February 6, 1849
Dear Reader,
It has been a very hard winter. The
cows have been kept in their stalls since the beginning of January as the snows
are so deep they wouldn't be able to make it to the shelter of the day-pasture woods. But with their body heat and the deep layers
of hay in the loft above them, there is always warmth in the barn. It is
sometimes more comfortable there than in the house.
Each morning, Mother sweeps the
chicken yard and broadcasts the feed corn.

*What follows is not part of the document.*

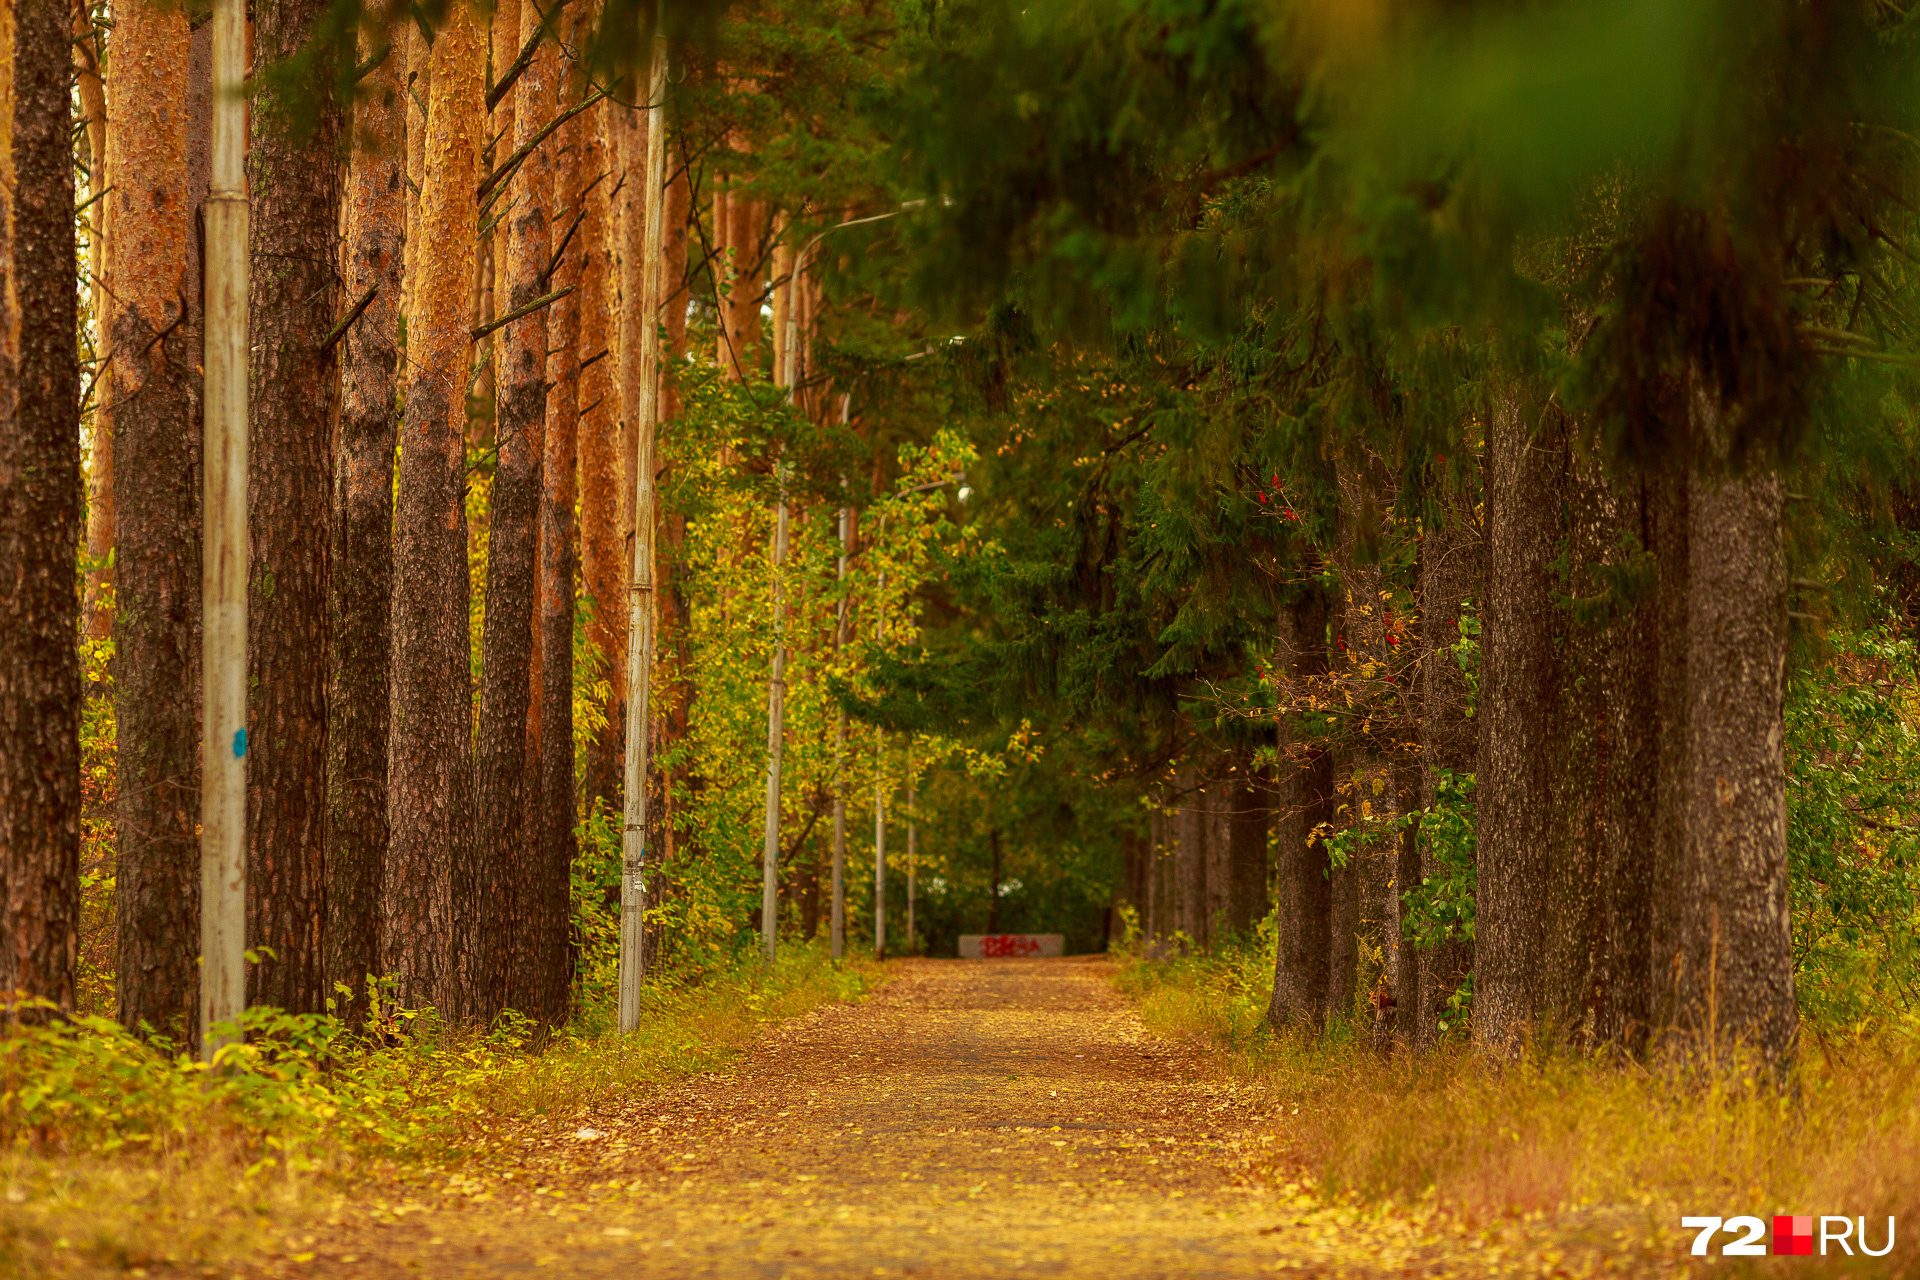 Прогулка по лесу — всегда хорошая идея. Осенью — особенно

The hens seem unperturbed by the cold air and rush screeching from their
coop to greet her. We continue to have a plentiful supply of fresh eggs --
enough for Mother to sell a few to Edick's feed store in town. At times, she barters with the old man and
takes any available newspaper in trade.
She has recently taken up the subject of
education as a cause - particularly that of the local girls.
My older brother, Jacob Jr. and
his wife, Mandana, thankfully have both their girls in school. Mother gives them praise while worrying over
the many other girls here in the valley who are kept home from school to do the
daily farm work.
She is fond of rehearsing the
example of the Smith family just 2 doors up the road.

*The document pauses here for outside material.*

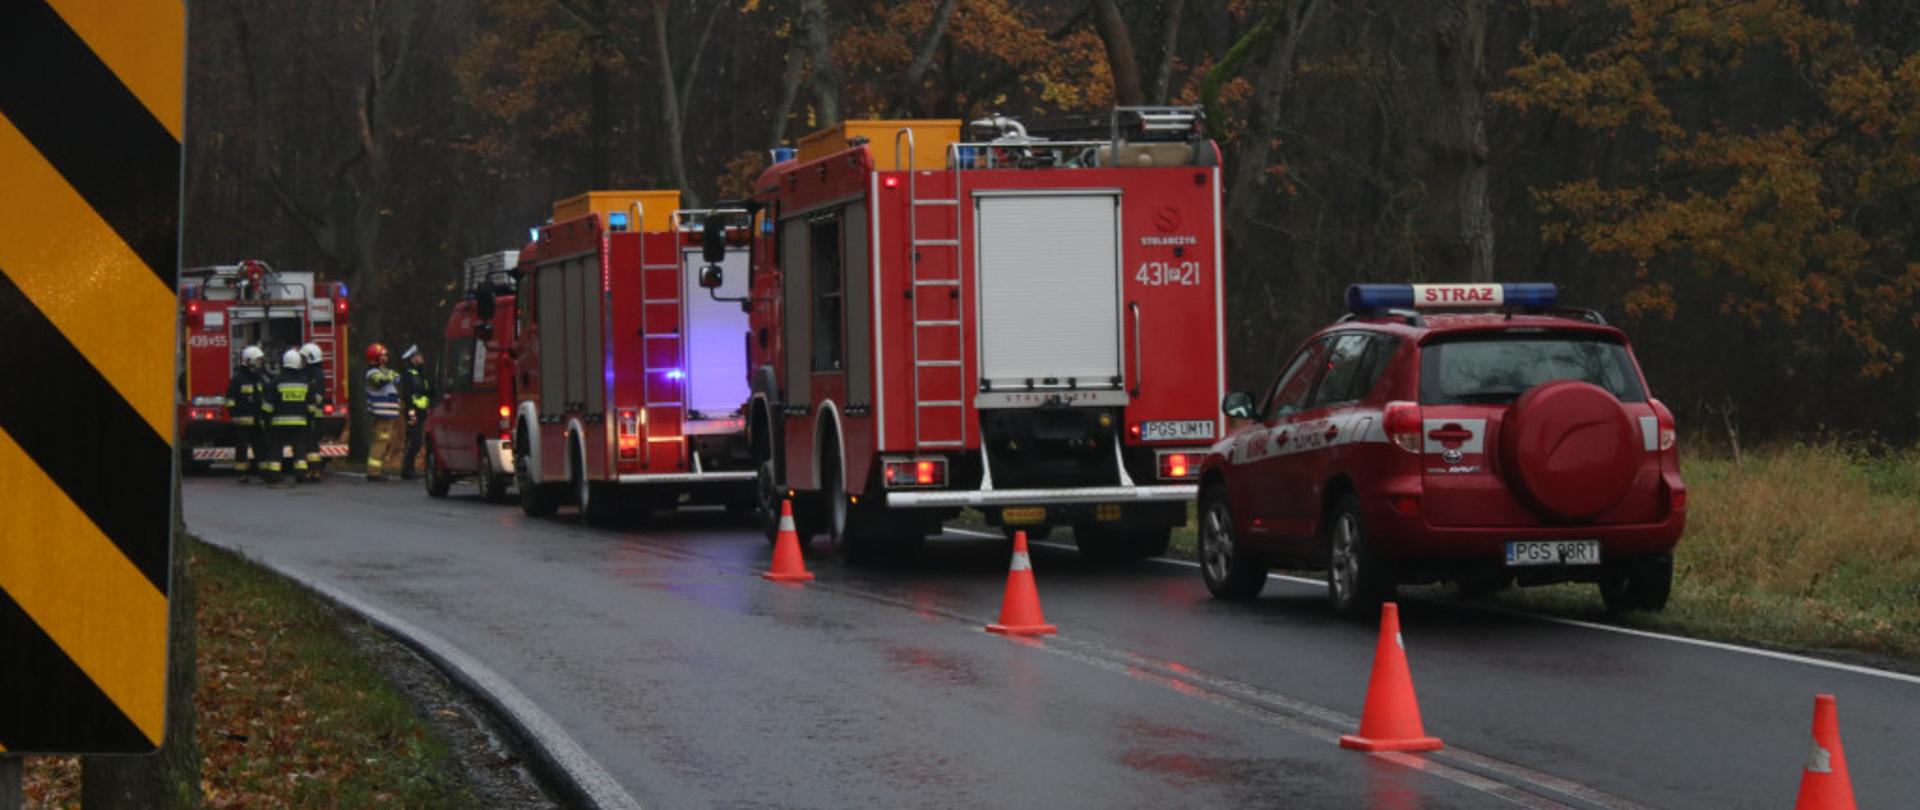 Zdjęcie przedstawia samochody strażackie stojące na drodze.

"Morris and Ben Smith are in
school with our granddaughters every day while those boy's sisters, Rosetta and
Cornelia, are kept home. Their mother, Jane, says she has taught them to read
and write a little but their father, Ben, sees 'no reason for a woman to have
any learning other than how to keep a comfortable home for her husband and
children.'"
And with that, Mother vigorously concludes,
"And it matters not that they are black!
Many white girls will not be at a school desk tomorrow either!"
Mother has a copy of the Rev. William Holmes McGuffey's first reader of 1841. The boy
in this book is prompt, good, kind, honest and truthful -- virtues taught in fifty-five
lessons. Mother has raised the
possibility of sharing the book with Mrs. Smith. Father has been unusually firm in denying
Mother this intent as he says it might raise color questions more than
schooling ones.
At this
past family Sunday dinner, Mother had fresh fuel for her fire. The Friday Utica Observer ran the following article:
"On the morning of Tuesday,
January 23, 1849, a young woman ascended the platform of the Presbyterian
church in Geneva, N.Y., and received from the hands of the President of Geneva
Medical College a diploma conferring upon her the degree of Doctor of Medicine."
Mother read the article to all assembled in the sitting room
after supper and added, "Her name is Elizabeth Blackwell and she is the
first woman in the entire world to graduate from a medical college. And
she did it just as the men had to do -- she had to take the two 16-week courses
of lectures and then submit to written and oral examinations.
"See! That's
what an education can do for a girl! And from a college just 50 miles from our front door!"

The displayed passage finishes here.